ATLANTA, GEORGIA - AUGUST 06: A view of the sign of Center for Disease Control headquarters is seen in Atlanta, Georgia, United States on August 06, 2022. (Photo by Nathan Posner/Anadolu Agency via Getty Images)
(Credit: Anadolu Agency / Contributor / Getty Images)
ATLANTA, GEORGIA - AUGUST 06: A view of the sign of Center for Disease Control headquarters is seen in Atlanta, Georgia, United States on August 06, 2022. (Photo by Nathan Posner/Anadolu Agency via Getty Images)
(Credit: Anadolu Agency / Contributor / Getty Images)

Senior living experts have welcomed revised COVID-19 infection prevention and control guidance for healthcare settings, saying it provides more flexibility for providers to respond to current local conditions.
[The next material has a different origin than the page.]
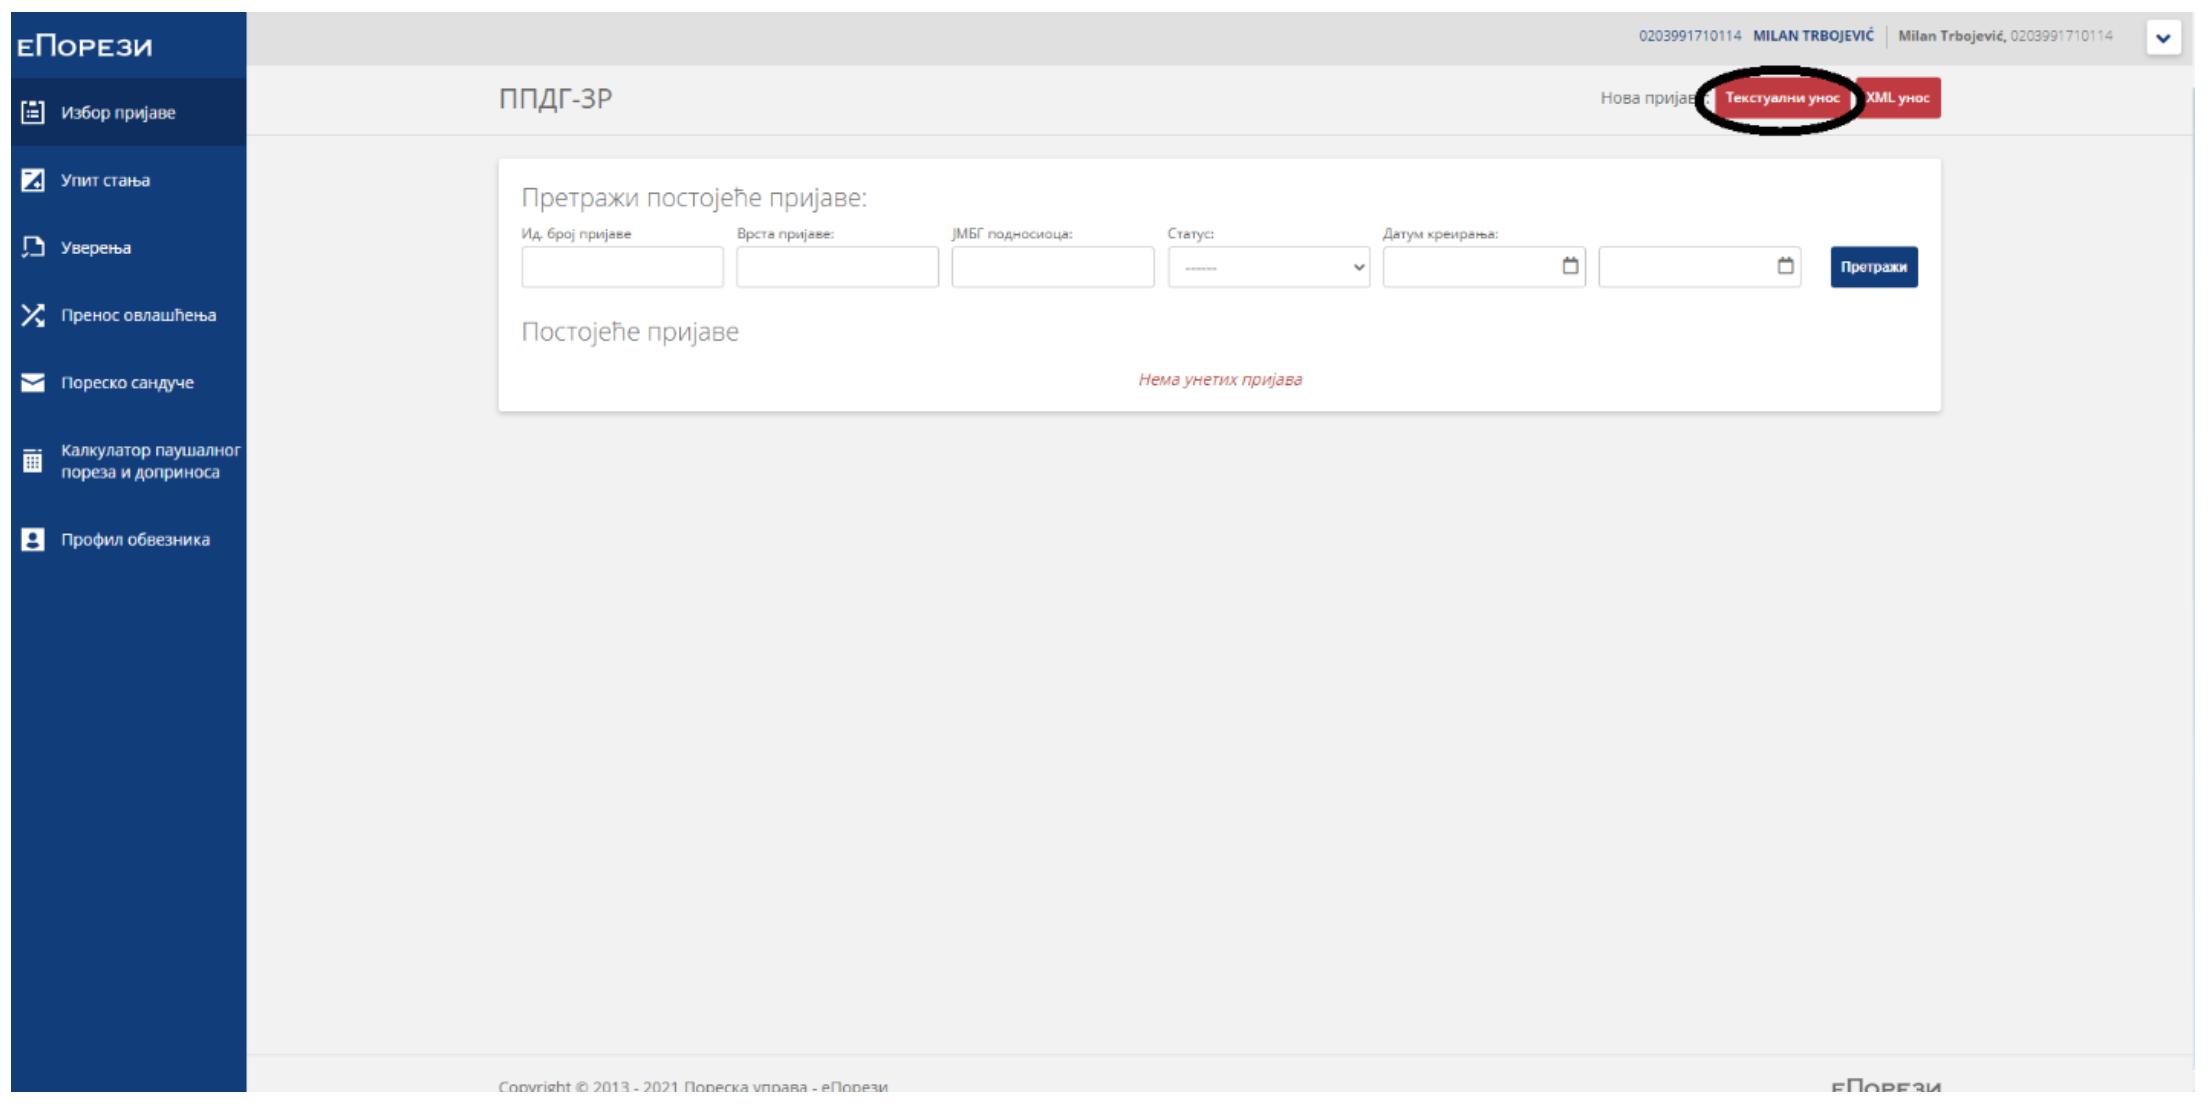 Online prijava poreza, obrazac PPDG-3R, slika 1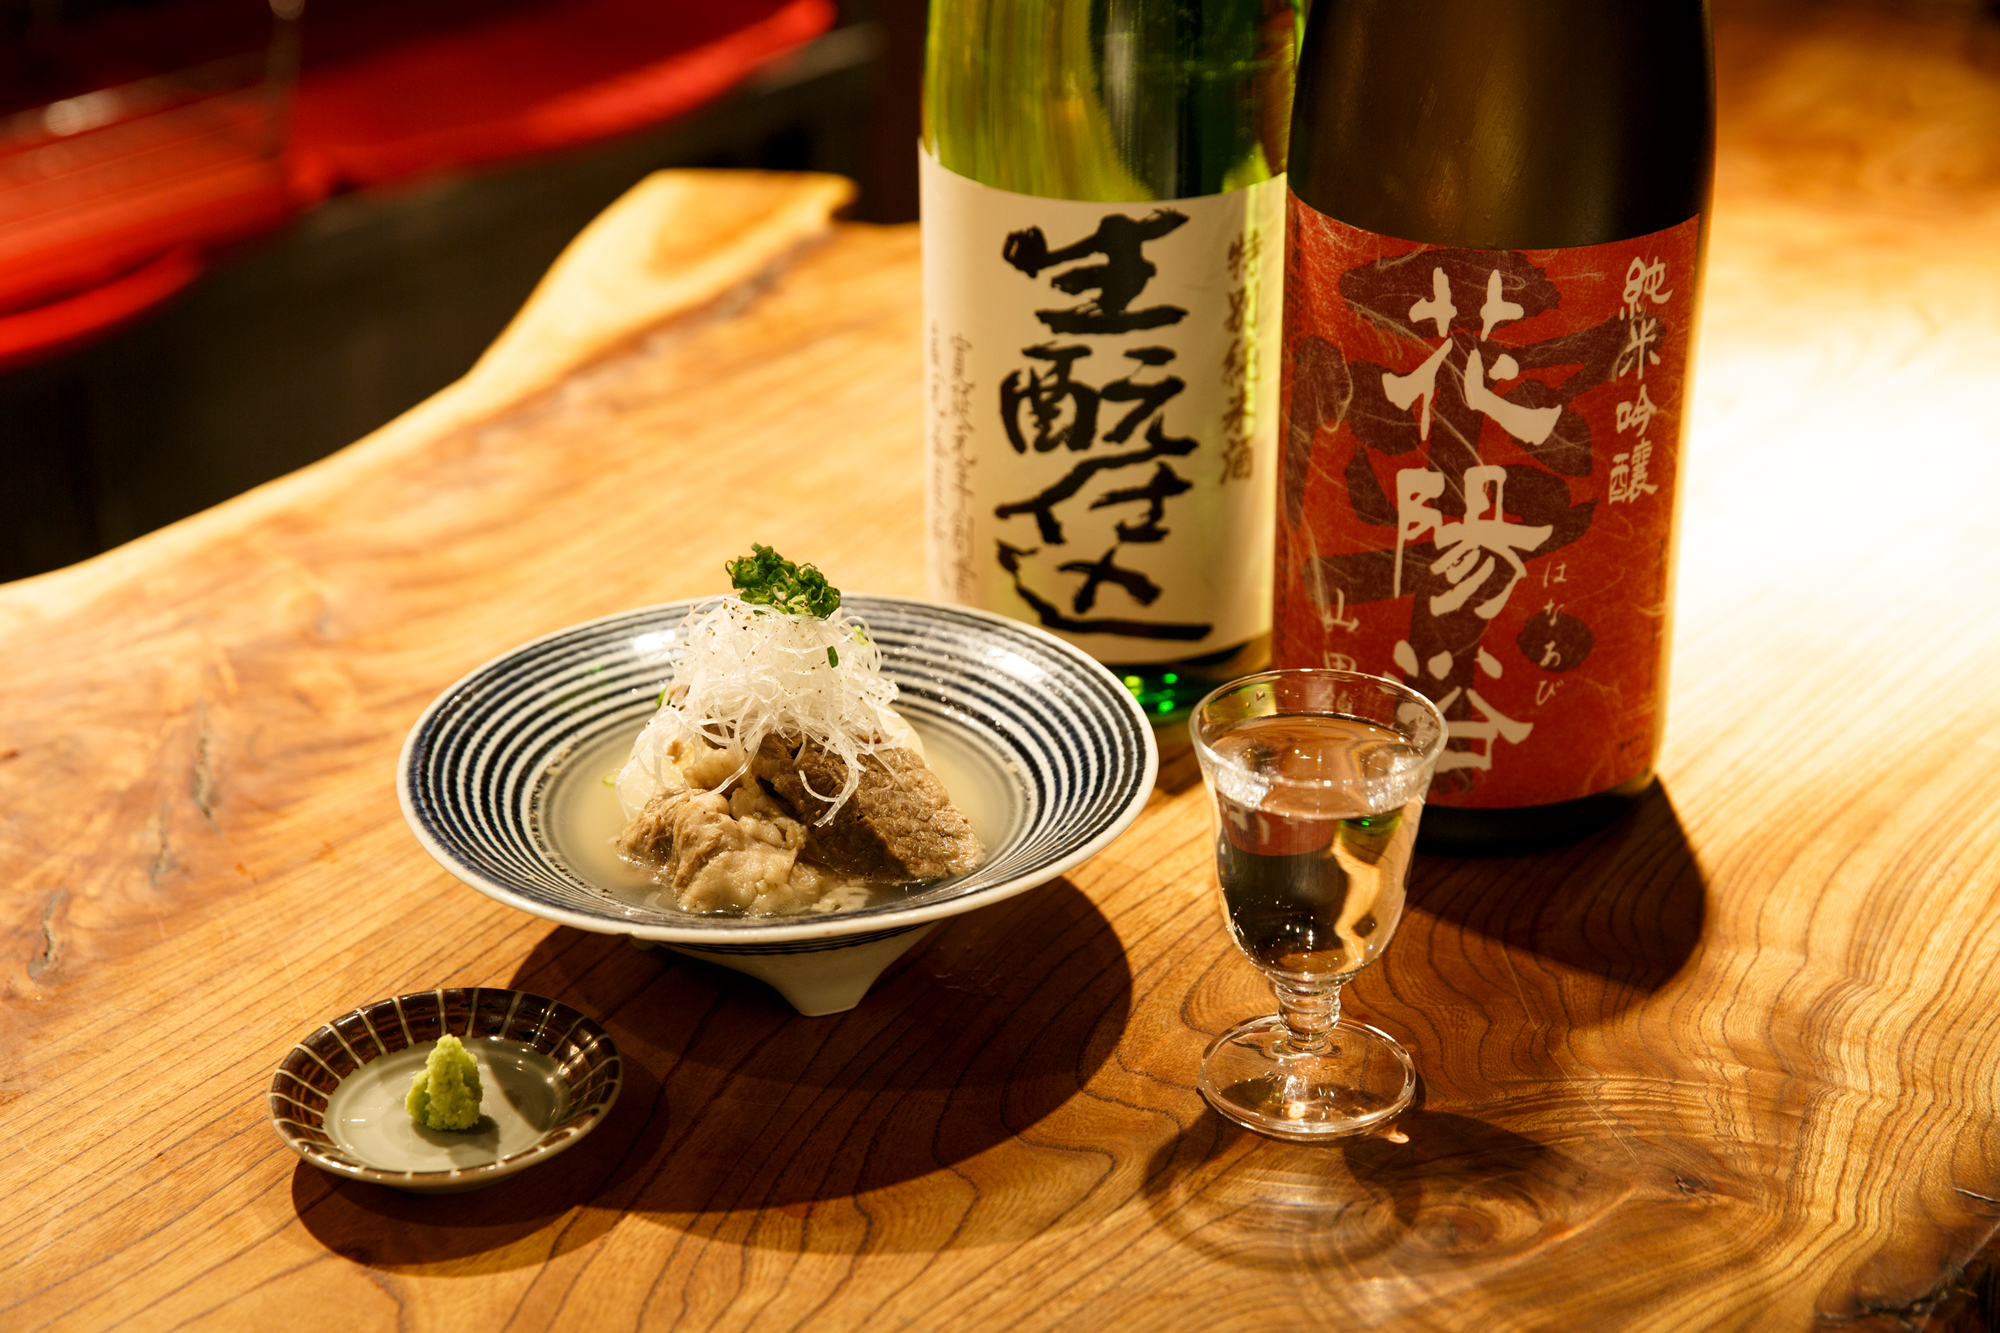 Sakaya no Tonari

In updated guidance released late Friday, the US Centers for Disease Control and Prevention now offers assisted living the option of following either the COVID-19 healthcare settings recommendations or more flexible congregate care setting recommendations. The decision comes down to how a state categorizes assisted living communities.

In general, long-term care settings — including assisted living settings — where staff provide non-skilled personal care should follow community prevention strategies based on COVID-19 community transmission levels, similar to independent living and other non-healthcare congregate settings.

According to LeadingAge, this guidance allows providers to “adjust interventions earlier, mitigating the strain on the healthcare system and protecting the vulnerable individuals seeking care in healthcare settings.” The CDC also recommends that communities check those transmission rates weekly.

It takes a village … into consideration

American Seniors Housing Association President and CEO David Schless said that the revised guidance reflects the current state of treatments and prevention and ties approaches to community transmission levels.

“COVID-19 community levels help individuals and communities decide which prevention actions to take based on the latest information,” Schless told McKnight’s Senior Living. “ASHA is hopeful that state and local authorities will update their COVID-19 guidance in accordance with the CDC.”

Argentum Senior Vice President of Public Policy Maggie Elehwany told McKnight’s Senior Living that the association called for the CDC to “accurately characterize and distinguish assisted living from skilled nursing facilities and others in the long-term care sector.”

“We are both appreciative and strongly encouraged by the CDC’s recognition that guidance specific to assisted living is warranted,” Elehwany said. “These CDC changes are appropriate and will empower senior living providers to effectively manage COVID-19 by working with local health departments, similar to how we manage other infectious diseases.”

She said that assisted living communities were “too often lumped together” with skilled nursing, with the government failing to recognize that assisted living communities are residents’ “homes” that should not be regulated similar to nursing homes and hospitals. 

During a Monday membership update call, LeadingAge Director of Nursing Home Quality and Policy Jodi Eyigor said that LeadingAge was pleased with the updated recommendations and that she hopes that the CDC and the Centers for Medicare & Medicaid Services continue to find a balance between the safety and the well-being of residents and staff members. 

Shot or not shot

One of the biggest changes, Eyigor said, is that recommendations for healthcare settings are no longer based on vaccination status. Source control, quarantine/work restrictions and screening are now the same for all individuals, regardless of whether someone is up to date with COVID-19 vaccinations.

The CDC also no longer recommends active screening of staff members and visitors. Instead, healthcare settings can opt for passive screening techniques, including signage describing symptoms and advising individuals — especially workers — how to manage themselves if they experience an exposure or test positive for COVID-19.

Masking and broader personal protective equipment use continues to be recommended in healthcare settings in areas of high community transmission, or if a worker or resident has been exposed to or tests positive for COVID-19. But universal masking is no longer required in healthcare settings where community transmission is substantial, moderate or low. The only exception is for individuals confirmed or suspected of having COVID-19, or if they are experiencing any other respiratory illness, including a cold or influenza.

Routine screening of asymptomatic healthcare workers based on community transmission rates also is being dropped, although state laws and individual community policies can require routine screening as an “additional precaution.” A series of three tests at specific intervals is recommended for residents and staff following SARS-CoV-2 exposure, regardless of vaccination status. 

The American Health Care Association / National Center for Assisted Living noted that the CDC also updated its strategies to mitigate healthcare personnel staffing shortages. Asymptomatic healthcare workers with higher-risk exposures do not have to quarantine, regardless of their vaccination status. 

In general, asymptomatic healthcare workers exposed to SARS-CoV-2, regardless of vaccination status, have no work restrictions as long as they do not develop symptoms or test positive.

In addition, the CDC now recommends dedicated COVID-19 units and staffing if cases are high and staffing shortages are not at crisis levels.